I want to collect some data on what's going on in the extreme cases. Packets being lost is almost always a sign of congestion, and unfortunately, as a UDP stream our game probably has a relatively low priority on a congested router. But just because you see a * on a traceroute doesn't necessarily mean there is packet loss -- there could be multiple load-balanced paths at that point and traceroute doesn't always work with those. There are also, in our net code, frequent cases of suspected packet loss which just turn out to be a late acknowledgement.
So anyway, I'll come back to this and think about it some more. I might add some kind of signal you can send to the server to complain about lag, so I can log the characteristics of your network link to the server at that time.
One thing that's important is if you're going to report your ping, also include the mean deviation (the +/- numbers shown in the /ping command).
[Here comes another characteristically overly-technical post from a1k0n]

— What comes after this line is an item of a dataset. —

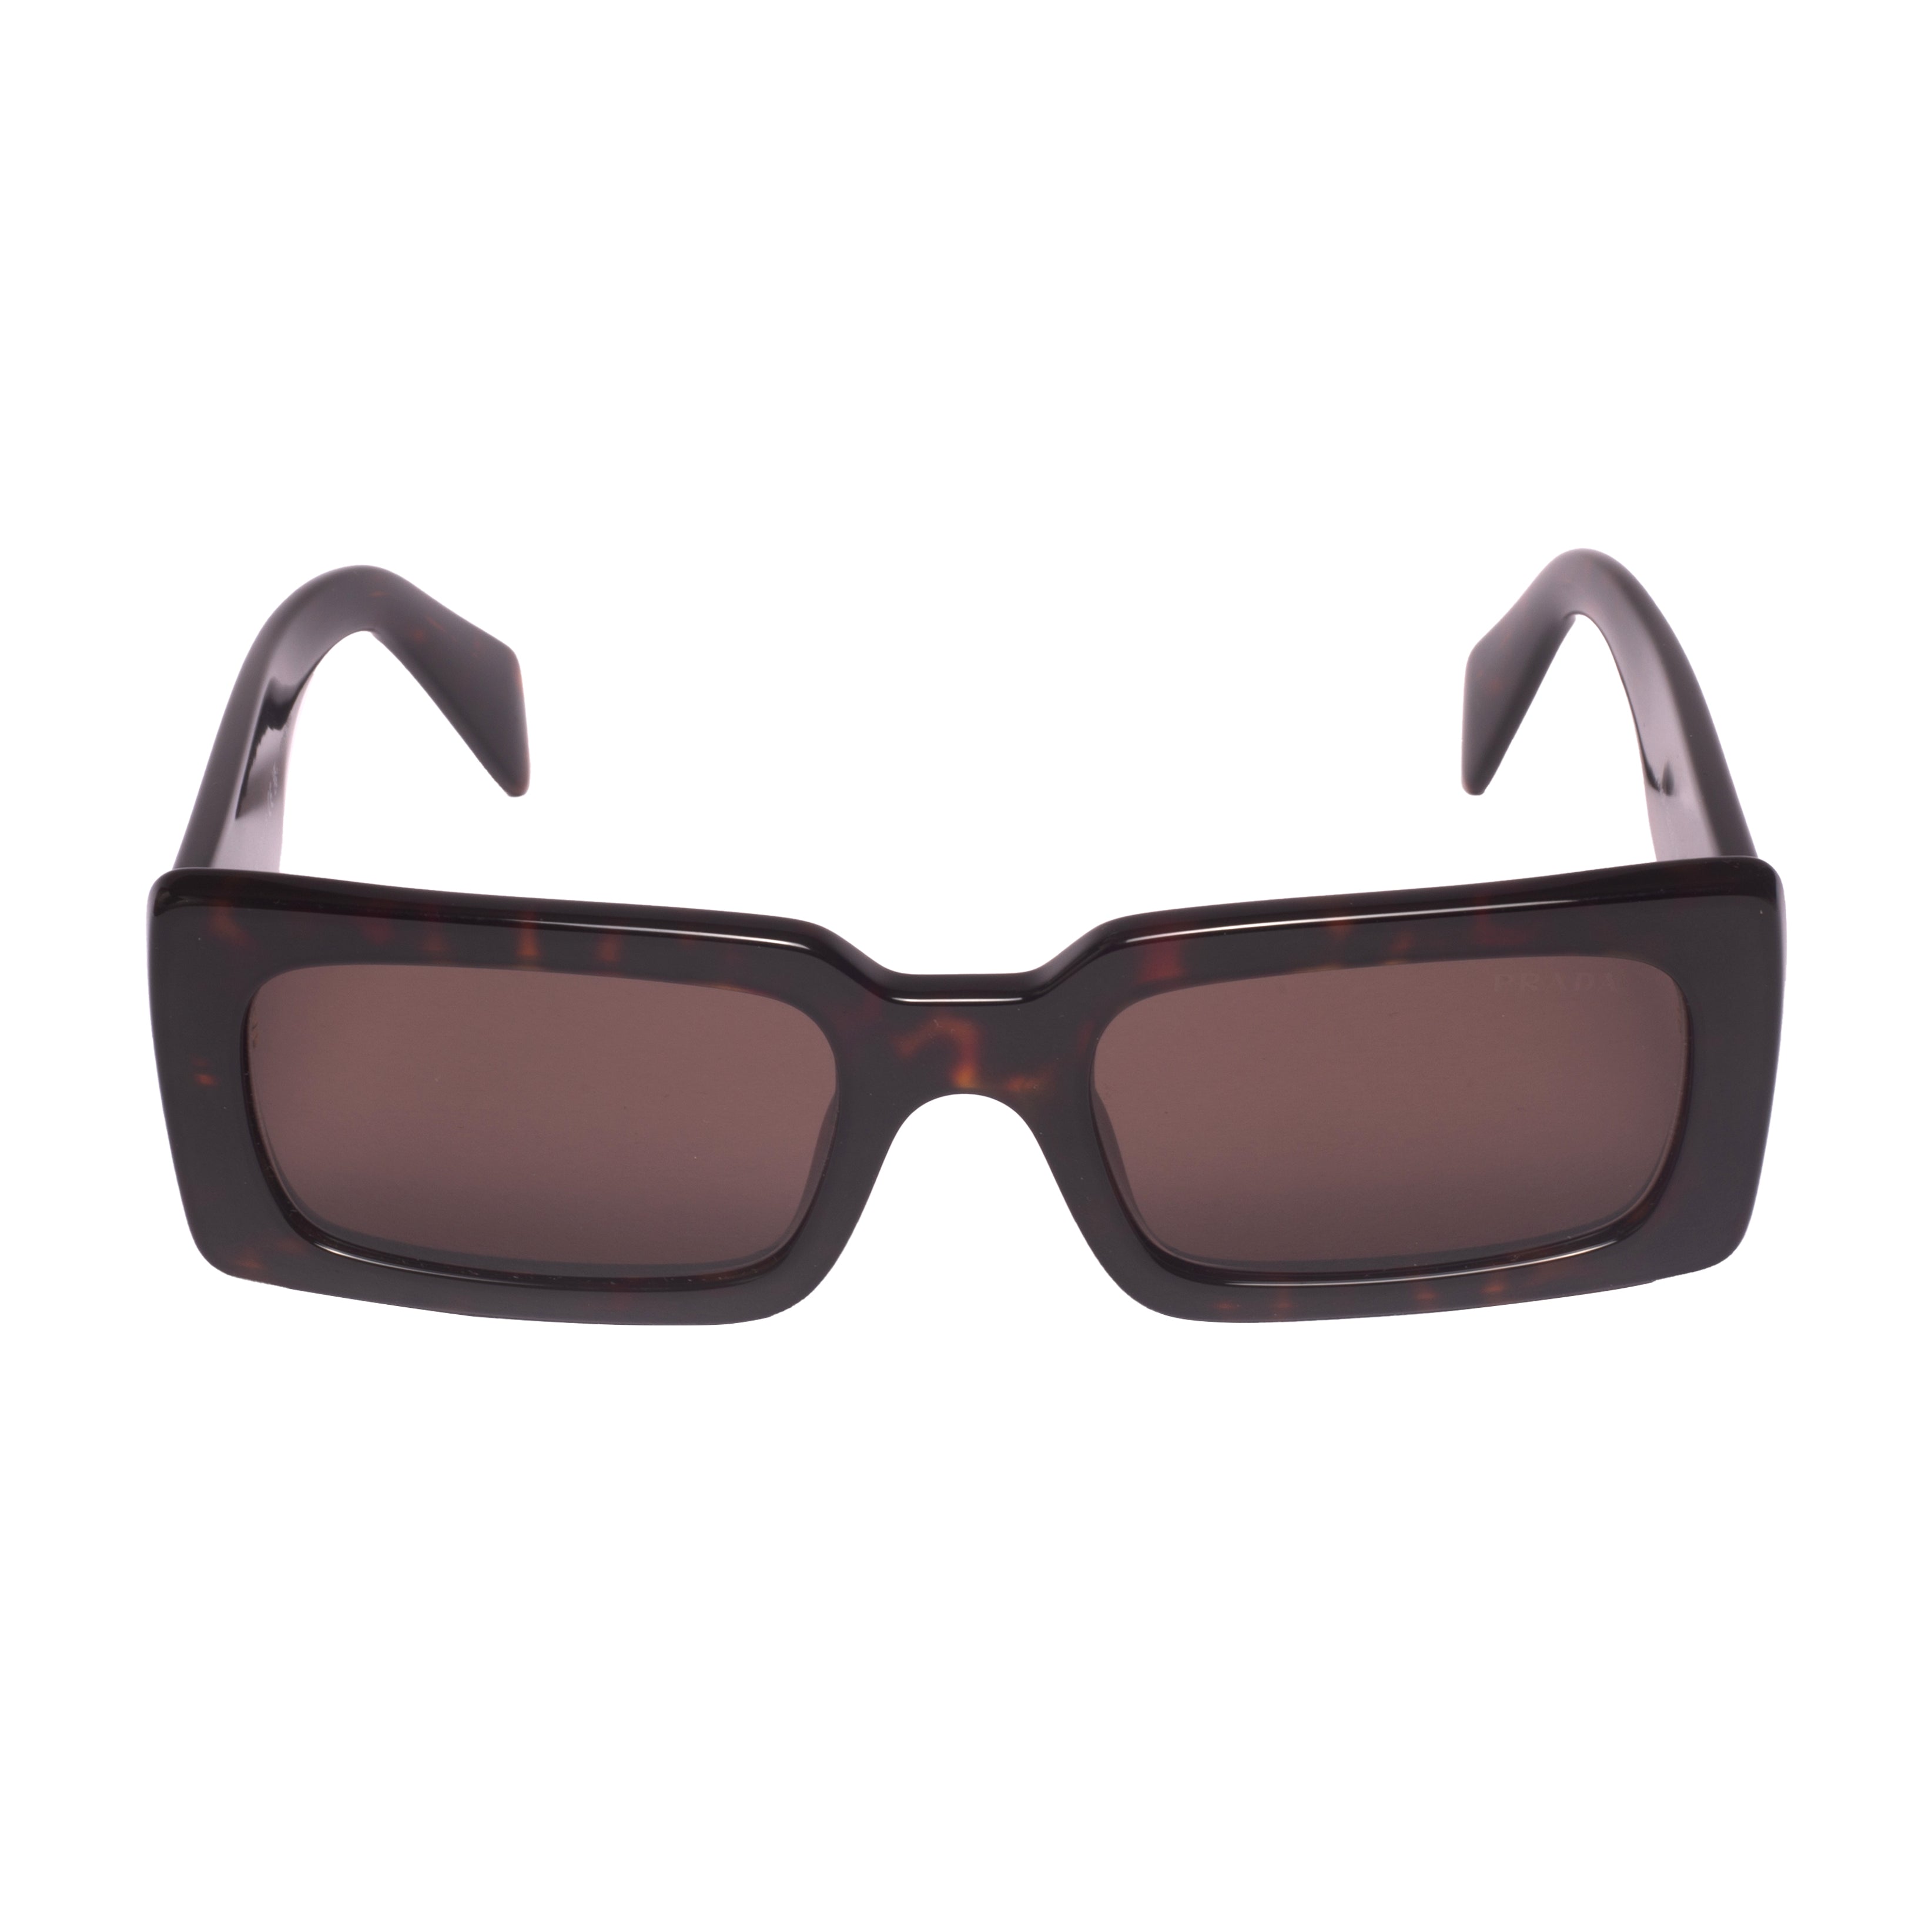 Prada-PRA07S-52-16N5Y Sunglasses - Premium Sunglasses from Prada - Just Rs. 38190! Shop now at Laxmi Opticians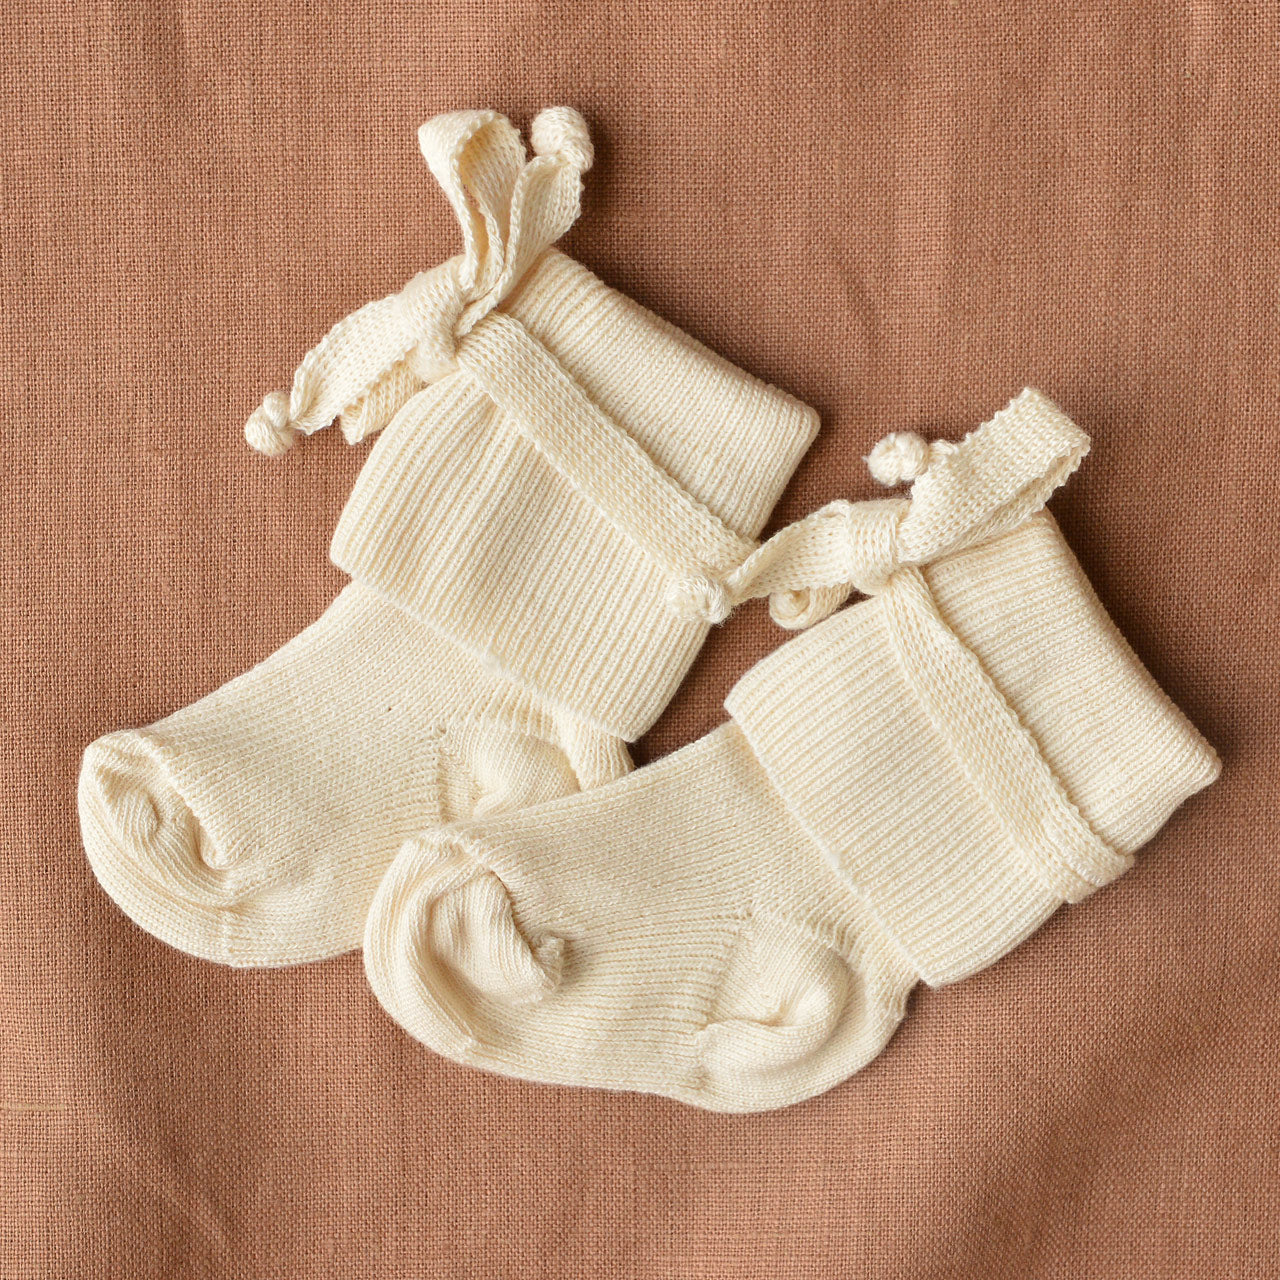 Newborn Baby Socks/Booties - 100% Organic Cotton

The game constantly tries to adjust for packet loss and round-trip time, and there's a pretty aggressive heuristic for retransmitting lost packets (it's actually equivalent to the one Van Jacobson recommended for TCP). These retransmits might actually get in the way over a certain threshold. The network code would also work a little (maybe a lot) better if we threaded it. I also didn't implement slow-start, so there's probably a lot of untapped throughput available (but at the potential cost of increased deadly latency). So there is room for improvement, and I will spend some time on that when I get a chance.
I want to collect some data on what's going on in the extreme cases. Packets being lost is almost always a sign of congestion, and unfortunately, as a UDP stream our game probably has a relatively low priority on a congested router. But just because you see a * on a traceroute doesn't necessarily mean there is packet loss -- there could be multiple load-balanced paths at that point and traceroute doesn't always work with those. There are also, in our net code, frequent cases of suspected packet loss which just turn out to be a late acknowledgement.
So anyway, I'll come back to this and think about it some more. I might add some kind of signal you can send to the server to complain about lag, so I can log the characteristics of your network link to the server at that time.
One thing that's important is if you're going to report your ping, also include the mean deviation (the +/- numbers shown in the /ping command).